新型はスポーツセダンらしい精悍フォルム。安全装備一挙充実
レクサスISが、大幅リファインされた。新型はA/Bピラーとキャビン前半を除くすべての外板部分に手を加えた。中でも立体感を増した「スピンドルグリル」と、大径化したタイヤをクリアするファットなフェンダーが目を引く。インテリアはダッシュボードとセンターパネルの意匠を変更。レクサスが目指すスポーティなイメージを追求した。新型の内外装はダイナミックそのもの。そして、フェイスリフト以上に気合が入っているのが、機能面のアップデートだ。
2020年モデルは最高出力が387psに向上。トヨタ・スープラの走りのアイデンティティに迫る!
プリクラッシュブレーキには新たに交差点右折時や夜間の歩行者、日中の自転車に対する検知機能などが採用され、緊急時の自車線内操舵支援などレクサス車として初となるトピックも加えられた。進化が著しいADAS(運転支援システム)は一気に最先端の水準へ引き上げられている。
コネクティビティ機能の向上も注目である。マルチメディアシステムは、ディスプレイ位置を手前に移動させるとともに、新たにタッチ操作機能を追加。スマートディバイスリンクやアップルカープレイ、アンドロイトオートに対応する。センターコンソール配置のリモートタッチ・コマンダーは、操作パッドの大型化などの改良が施された。
SUVが世界的にヒットする一方で、4ドアセダンは存在感が薄くなりつつある。レクサスでも、当初からブランドを牽引して来たGSがリスト落ちした。その消滅を補う勢いで商品力強化が図られたモデルが、最新ISである。
パワートレーンは3種。ハイブリッドの300hに試乗
パワートレーンは従来どおり3タイプ。純エンジン仕様は2リッター直噴4気筒ターボ(245ps/350Nm)と、直噴とポート噴射を使い分ける独自の「D―4S」技術を用いた自然吸気の3.5リッター・V6(318ps/380Nm)の2種。ハイブリッド仕様は専用チューニングが施された自然吸気2.5リッター・4気筒(178ps/221Nm)とモーター(143ps/300Nm)を組み合わせる。
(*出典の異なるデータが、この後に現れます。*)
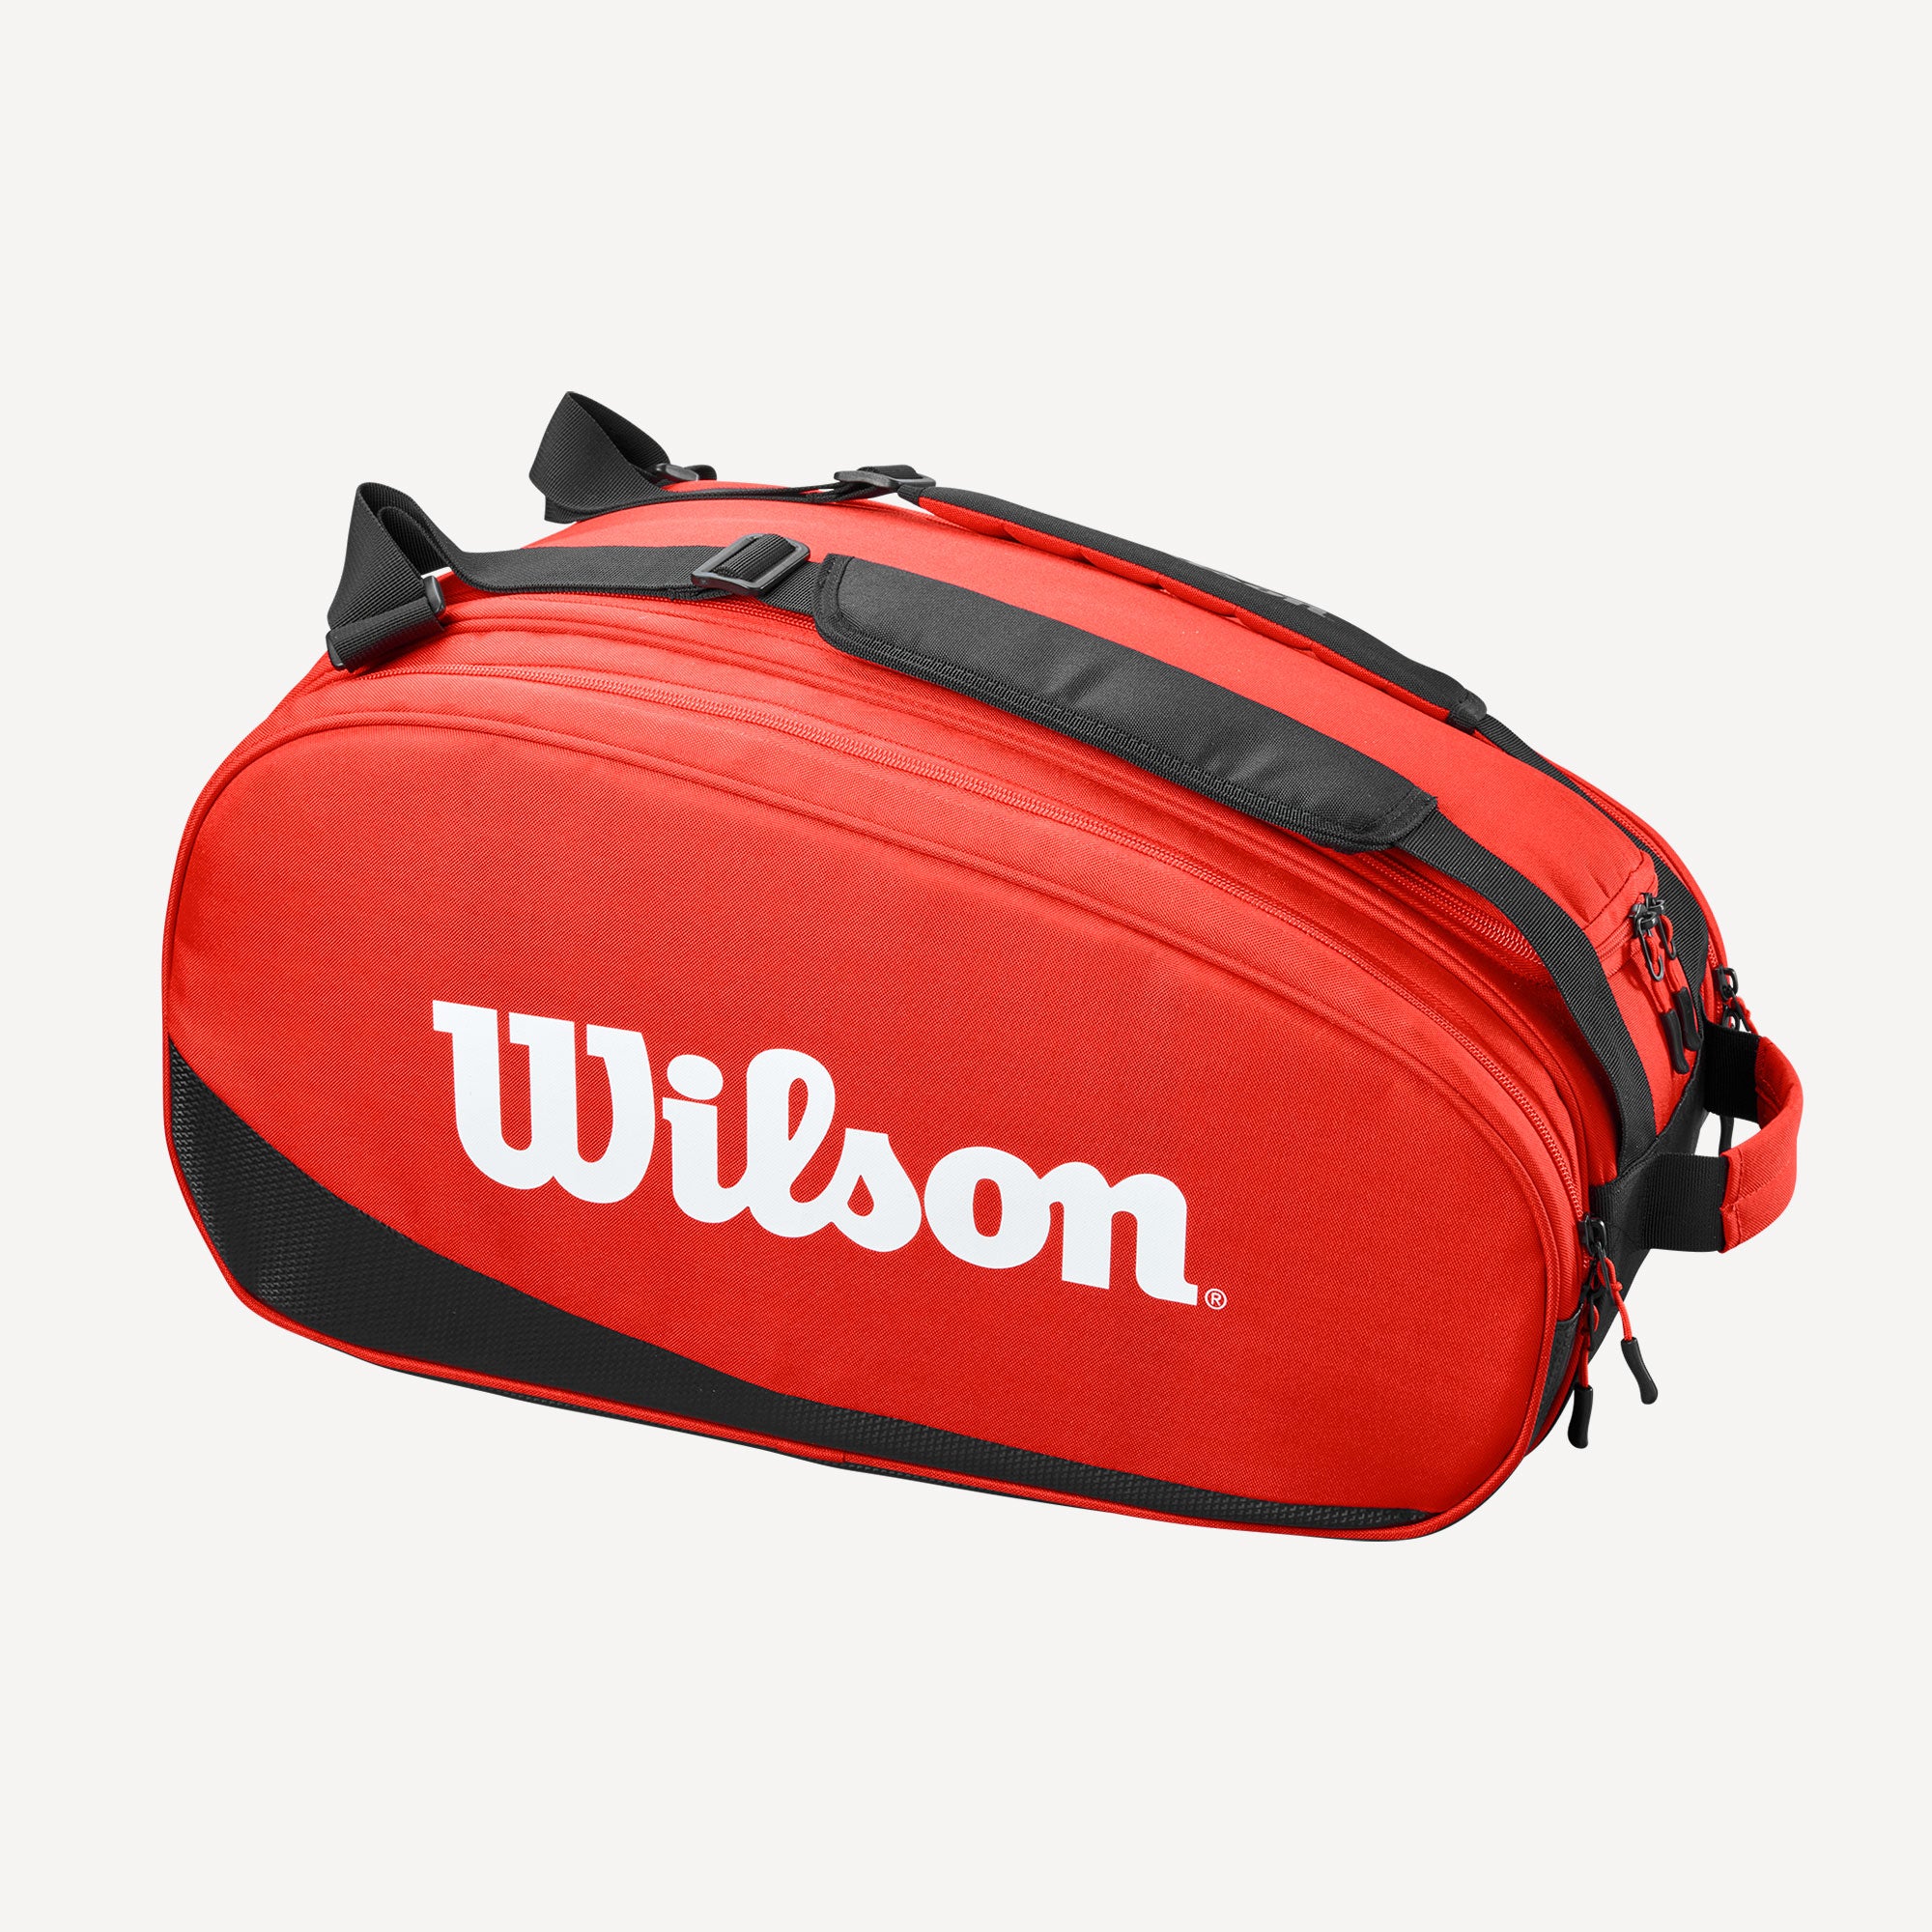 Wilson Tour Padel Bag - Red (1)
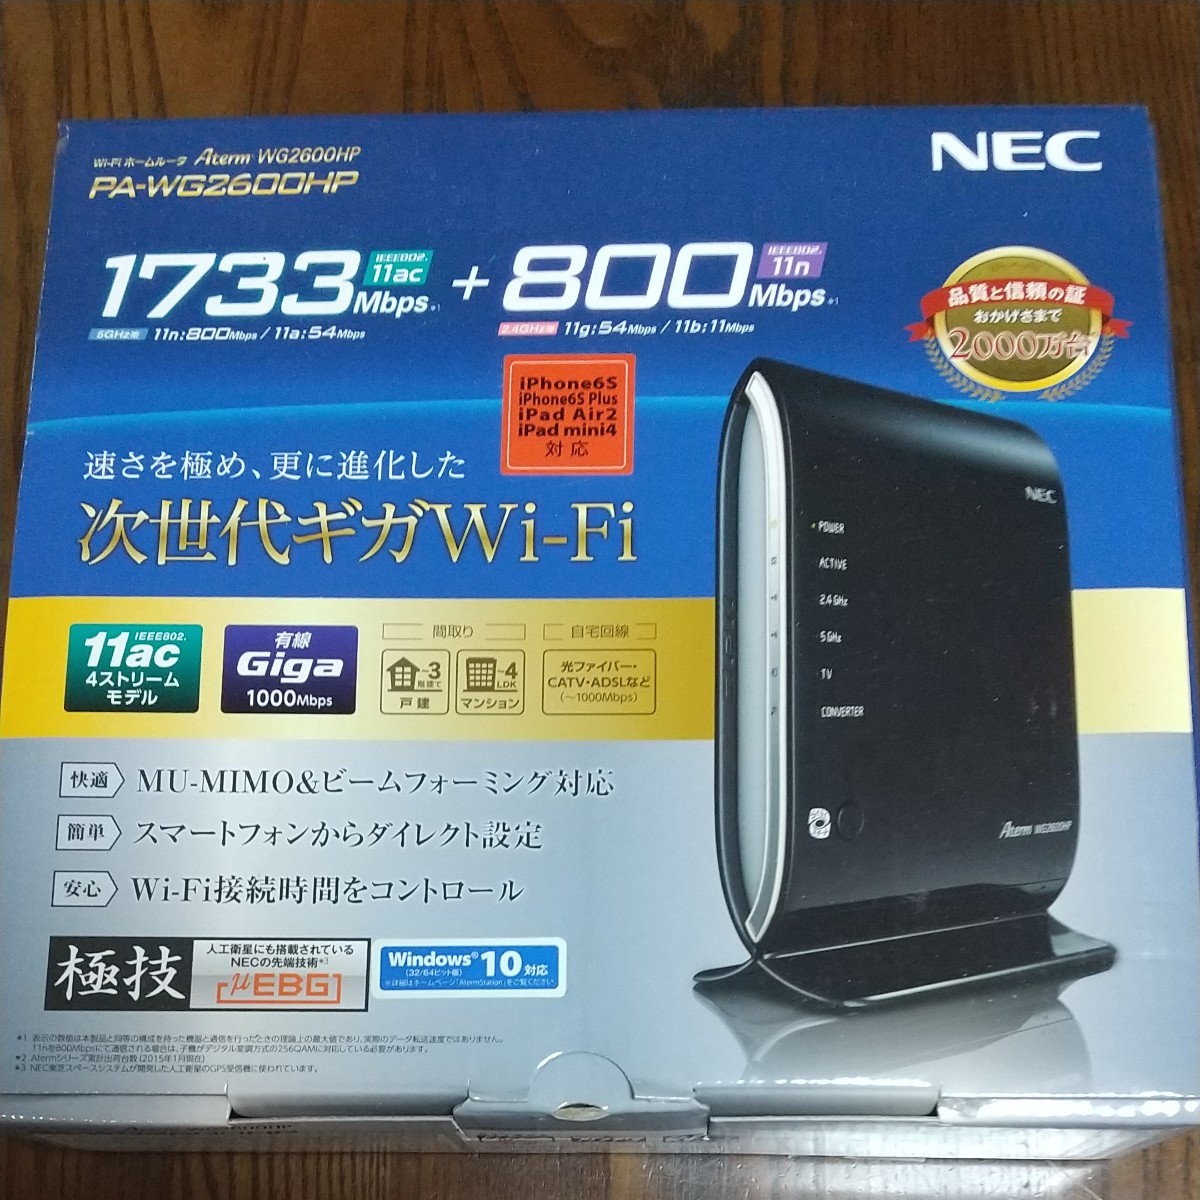 Aterm WG2600HP 無線LANルーター NEC

多彩なパワーユニットを用意するシリーズ内にあって、試乗車はハイブリッドの300h・Fスポーツ。300h系は4WD仕様が選択可能だが、試乗車はRWD仕様。「スポーツセダン」を自称するISにとって、軽量で最小回転半径が5.2mとより小さいRWD仕様のほうが、「本流」と呼べる存在であることは間違いない。
ISに対面。リアフェンダー部の強い張り出しと、その直前でシャープに蹴り上がるロッカー部分が印象的。いかにもFRレイアウトらしいたたずまいだ。「新たなプレス工法の採用で実現できた」という抑揚とシャープさを増した造形は、素直にカッコいい。大径化したシューズを収めるために拡幅されたフェンダー周辺も、ダイナミックな印象を強調する。
FRらしいシャープな造形。走りはリニアリティたっぷり
Fスポーツは、専用メッシュパターンを採用したフロントグリルやピアノブラック塗装リアスポイラー、アグレッシブな造形のリアバンパーを標準装備。躍動感がより顕著に感じられたのは、試乗車がFスポーツだったことも大きい。Fスポーツ用フロントスポーツシートは、乗降性を損なわない一方で着座感やホールド性に優れる。スポーツセダン用らしい出来栄えだったことも付け加えておきたい。
ボディサイズは全長×全幅×全高4710×1840×1435mm。ライバルのBMW3シリーズ(同4715×1825×1430mm)と同等だ。
2.5リッターエンジン+モーターのハイブリッドシステムは、ハードウエアの基本をキャリーオーバーしながら、出力制御を変更した発展バージョン。なるほど動力性能は、アクセル操作に対する空走感が抑えられ、いちだんとリニアな加減速感が得られるようになっていた。
「リニアリティに富んだ走り」は今回の改良の大きなテーマ。ステアリングやブレーキは、ドライバーの意思に忠実に反応するようリファインされている。「〈戻し〉の操作に対する追従性向上を意識した」というサスペンションチューニングを含めて、その効果を実感することができた。最新ISの走りのレベルは非常に高い。
従来のナットからボルト式に変更されたハブベアリングとホイールの締結は、高剛性化とばね下重量の低減に貢献。走りの質感向上を目指した取り組みのひとつだ。今後、他モデルへも展開予定という。
目先の新しさだけを狙うのであれば、ホイールの互換性にも影響を与える締結方法の変更は決して採らなかったに違いない。そうした点からも、ISが本気で「中身の向上」を狙ったことがうかがえる。ISは見ても、乗ってもダイナミックに進化した。